* [Prompt] Copy out the listing that follows, exact in every word, and skip the images.

* [Data records]
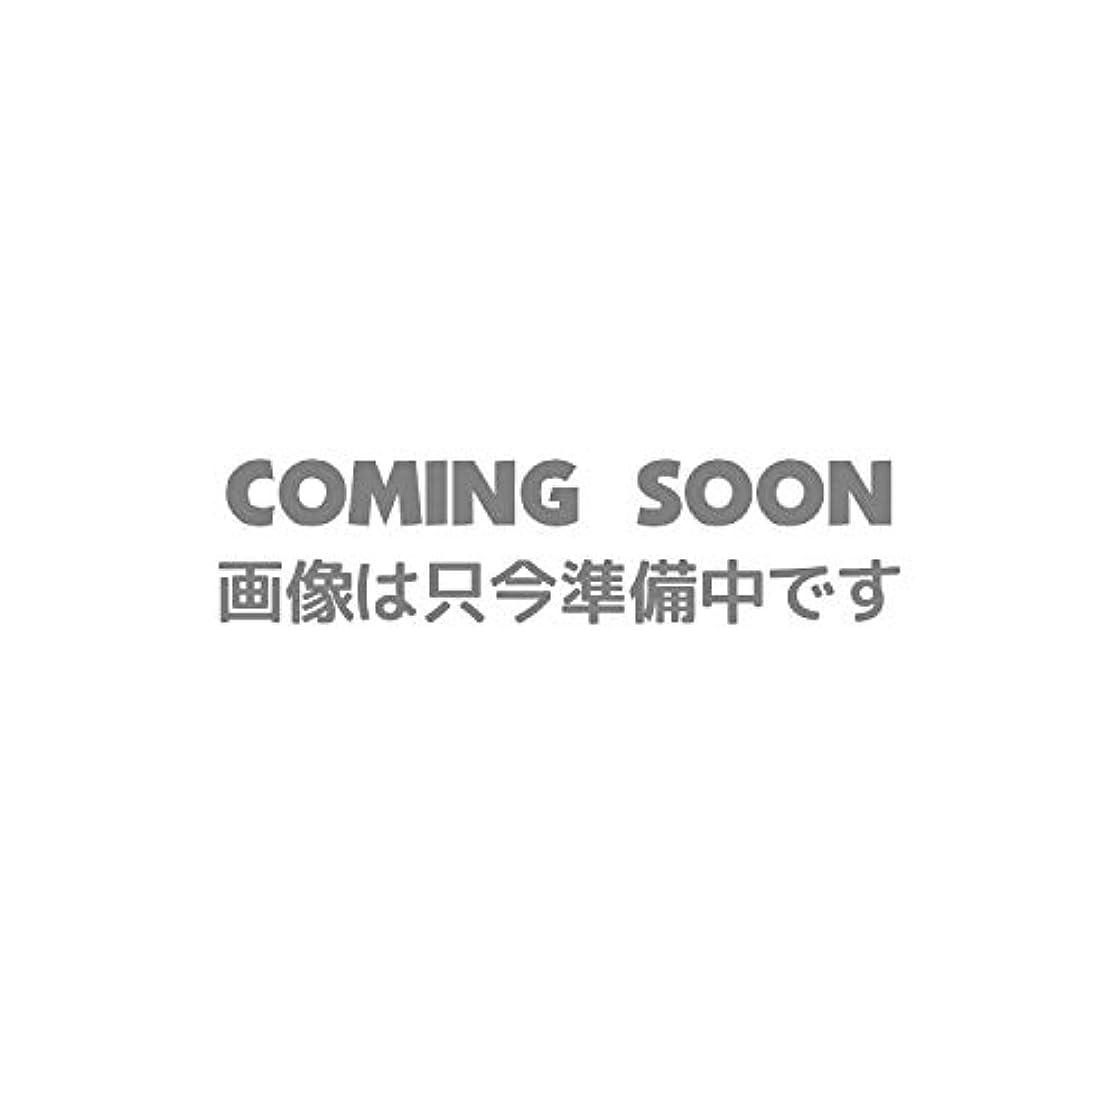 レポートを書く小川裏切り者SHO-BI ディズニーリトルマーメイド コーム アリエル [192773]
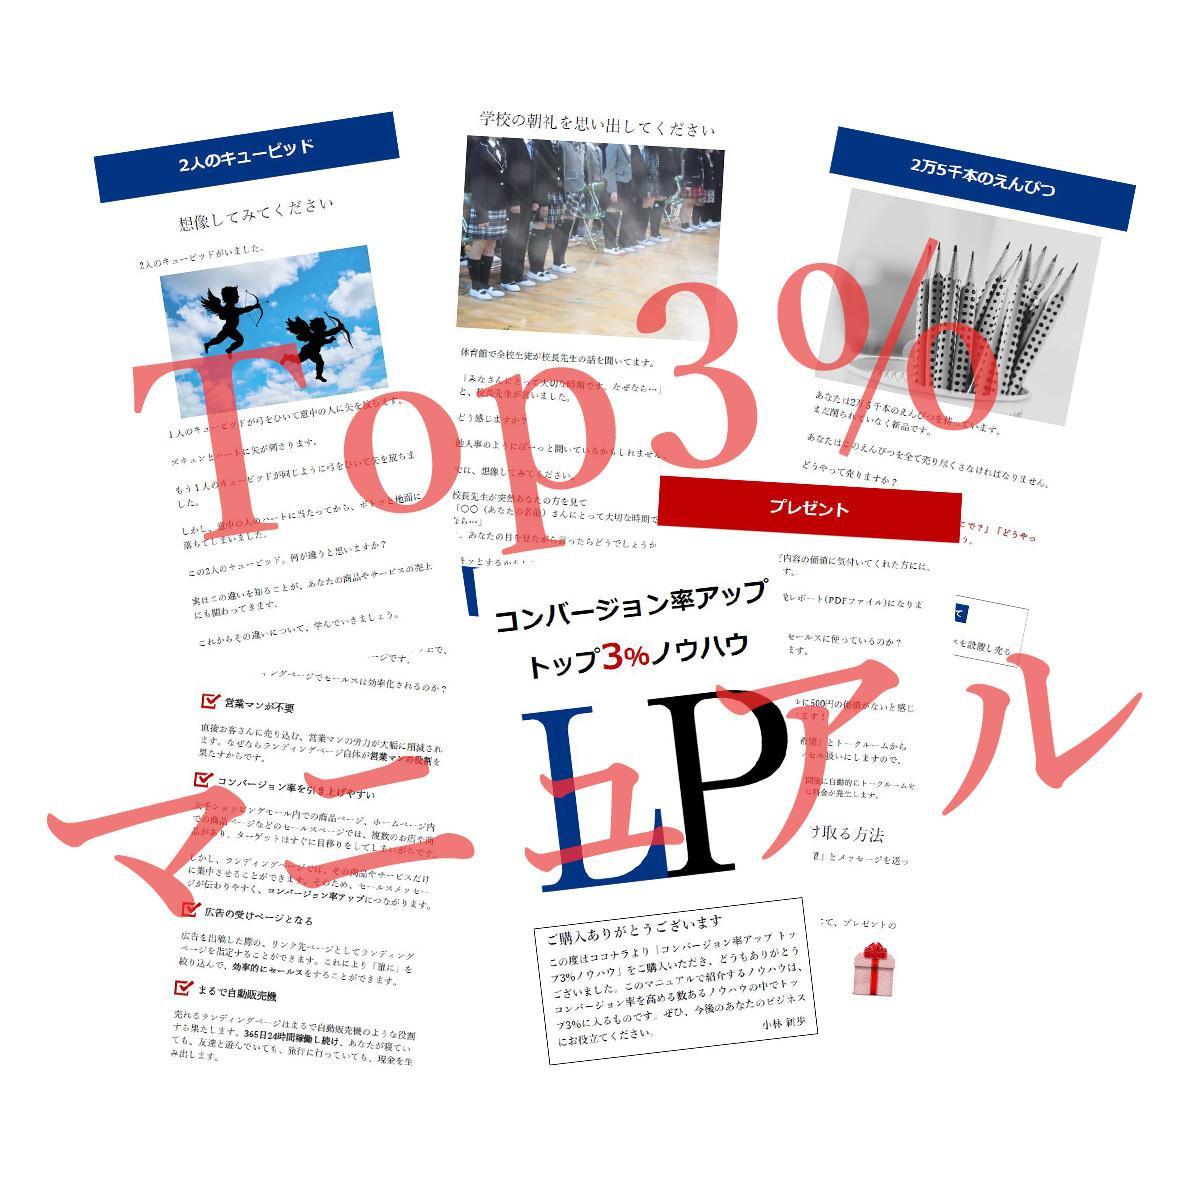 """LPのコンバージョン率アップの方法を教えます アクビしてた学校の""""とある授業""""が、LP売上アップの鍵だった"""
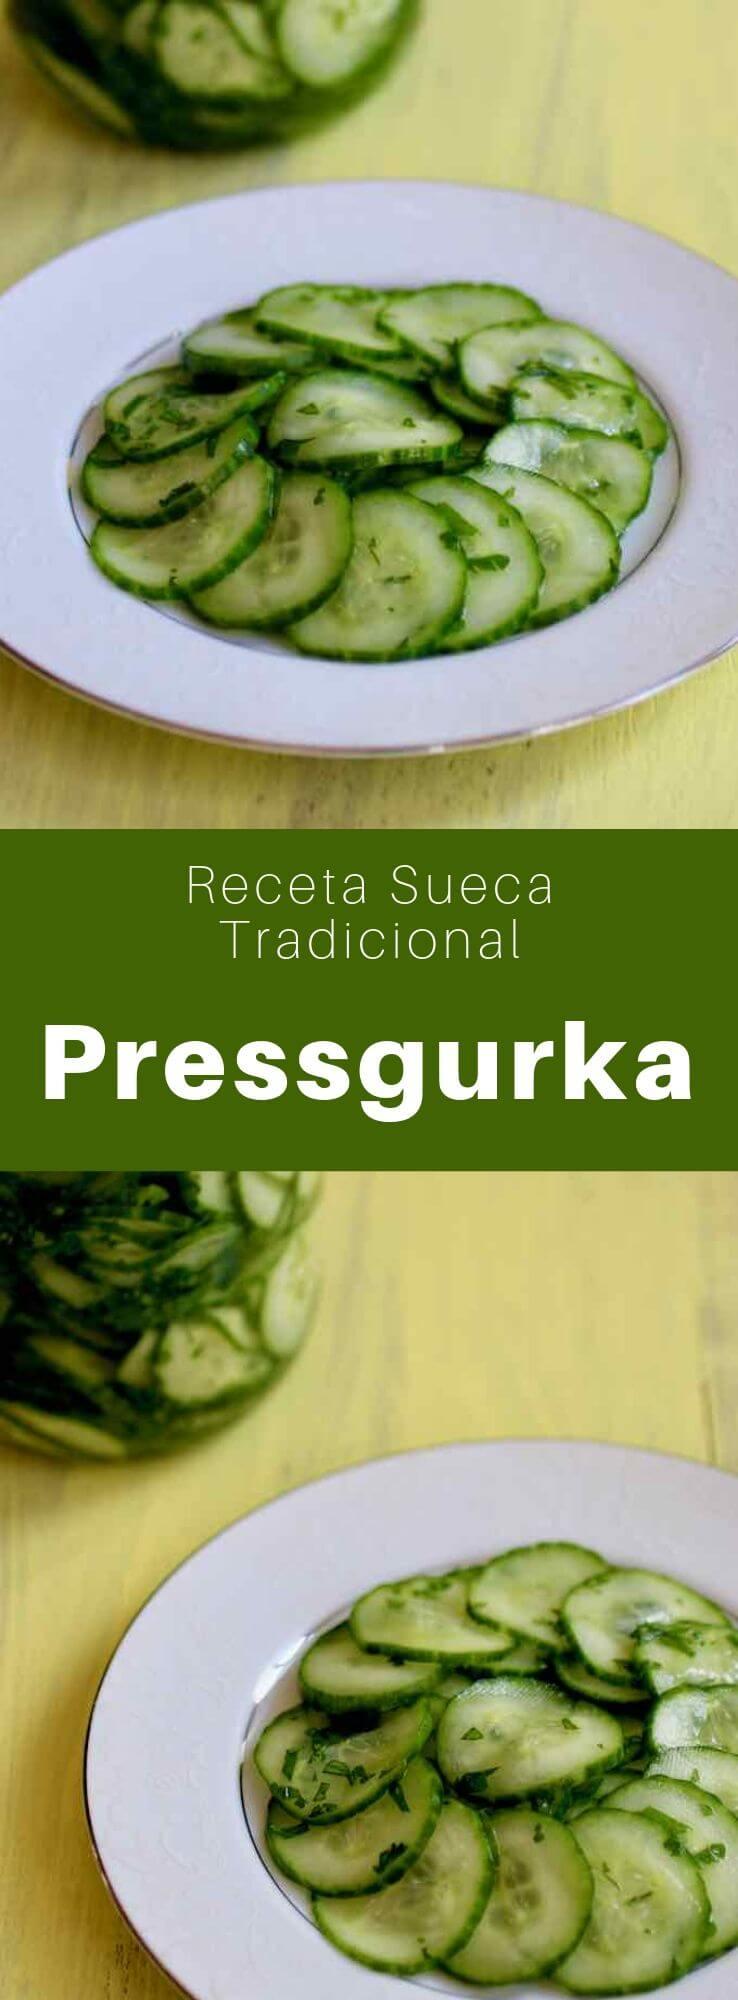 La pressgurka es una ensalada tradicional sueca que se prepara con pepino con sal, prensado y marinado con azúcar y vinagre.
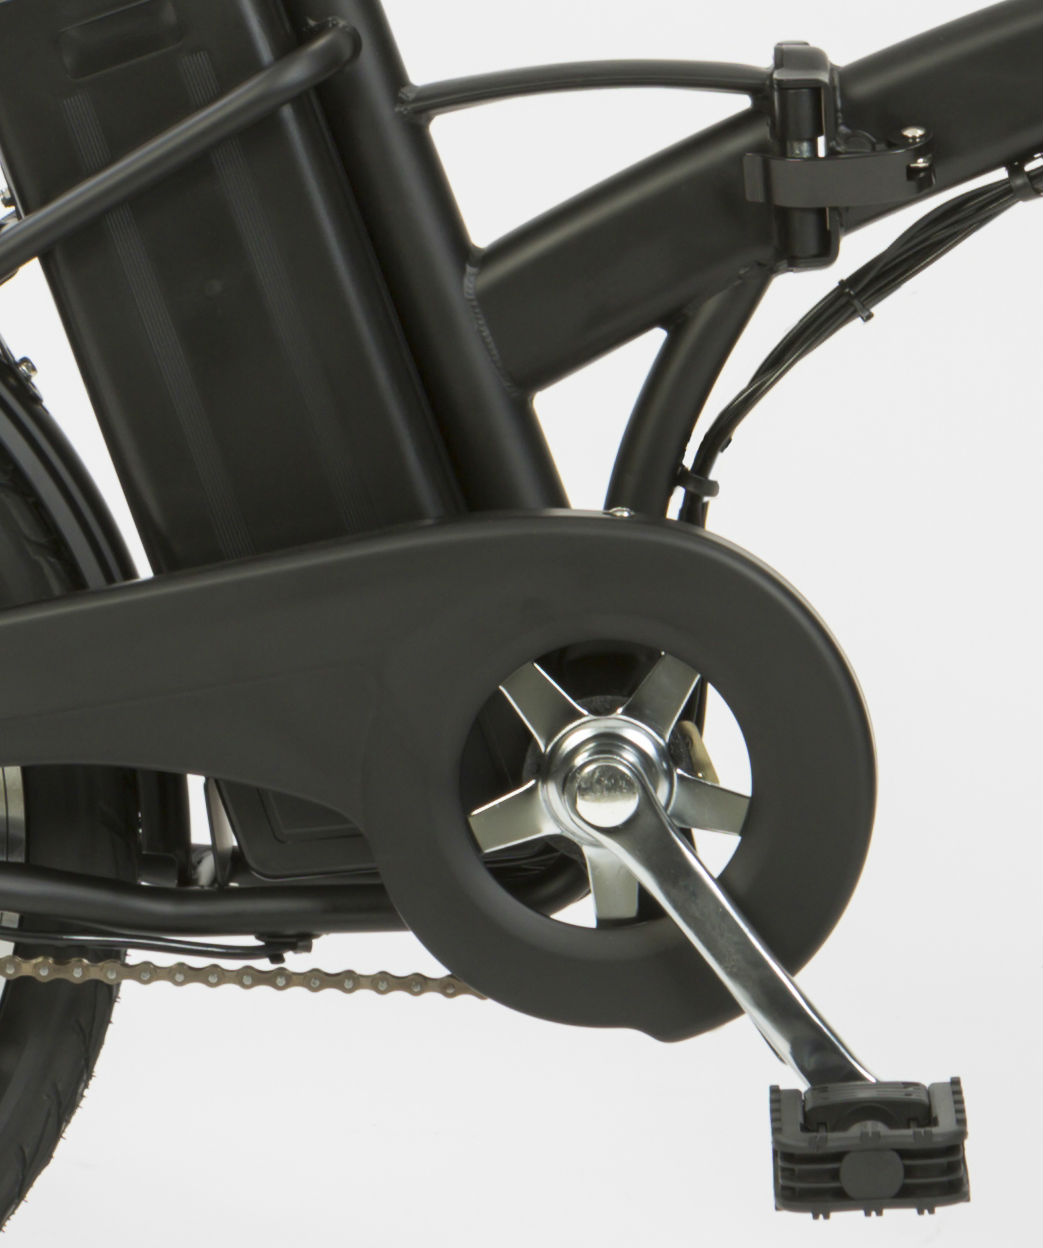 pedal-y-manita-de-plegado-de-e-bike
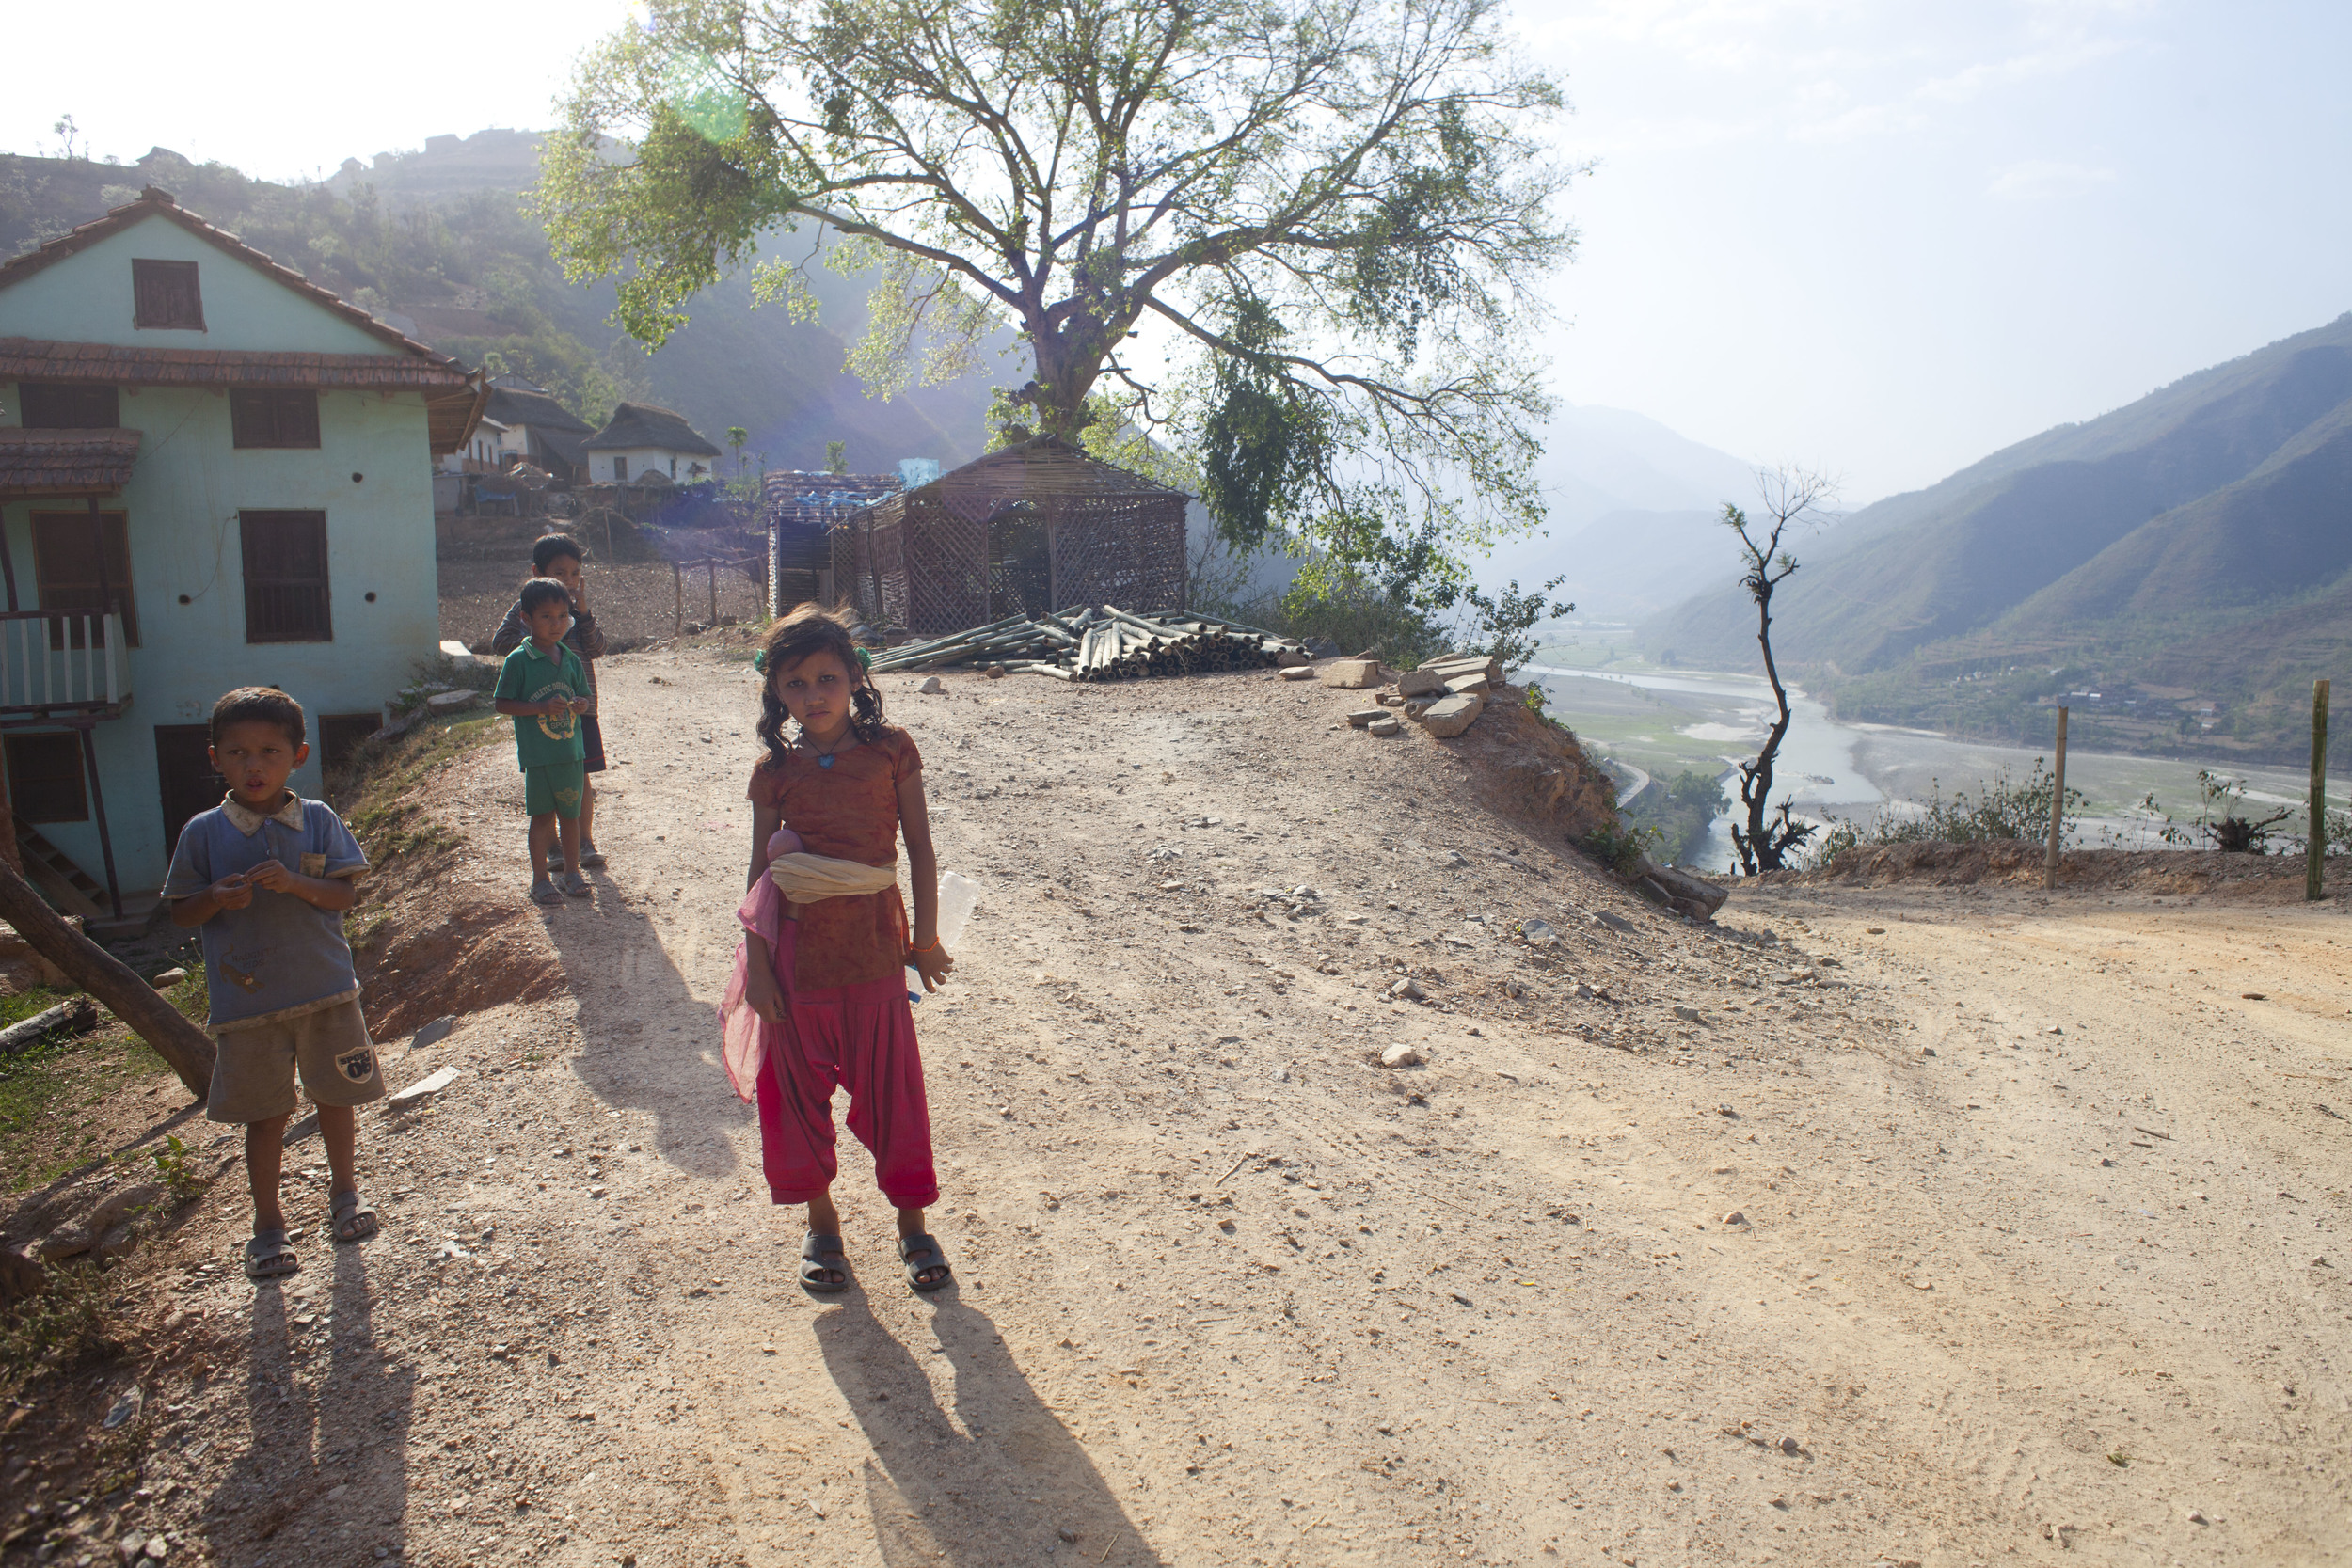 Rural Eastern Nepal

* [Solution for this problem]
 レポートを書く小川裏切り者SHO-BI ディズニーリトルマーメイド コーム アリエル [192773]
 """LPのコンバージョン率アップの方法を教えます アクビしてた学校の""""とある授業""""が、LP売上アップの鍵だった"""
 La pressgurka es una ensalada tradicional sueca que se prepara con pepino con sal, prensado y marinado con azúcar y vinagre.
 pedal-y-manita-de-plegado-de-e-bike
 Rural Eastern Nepal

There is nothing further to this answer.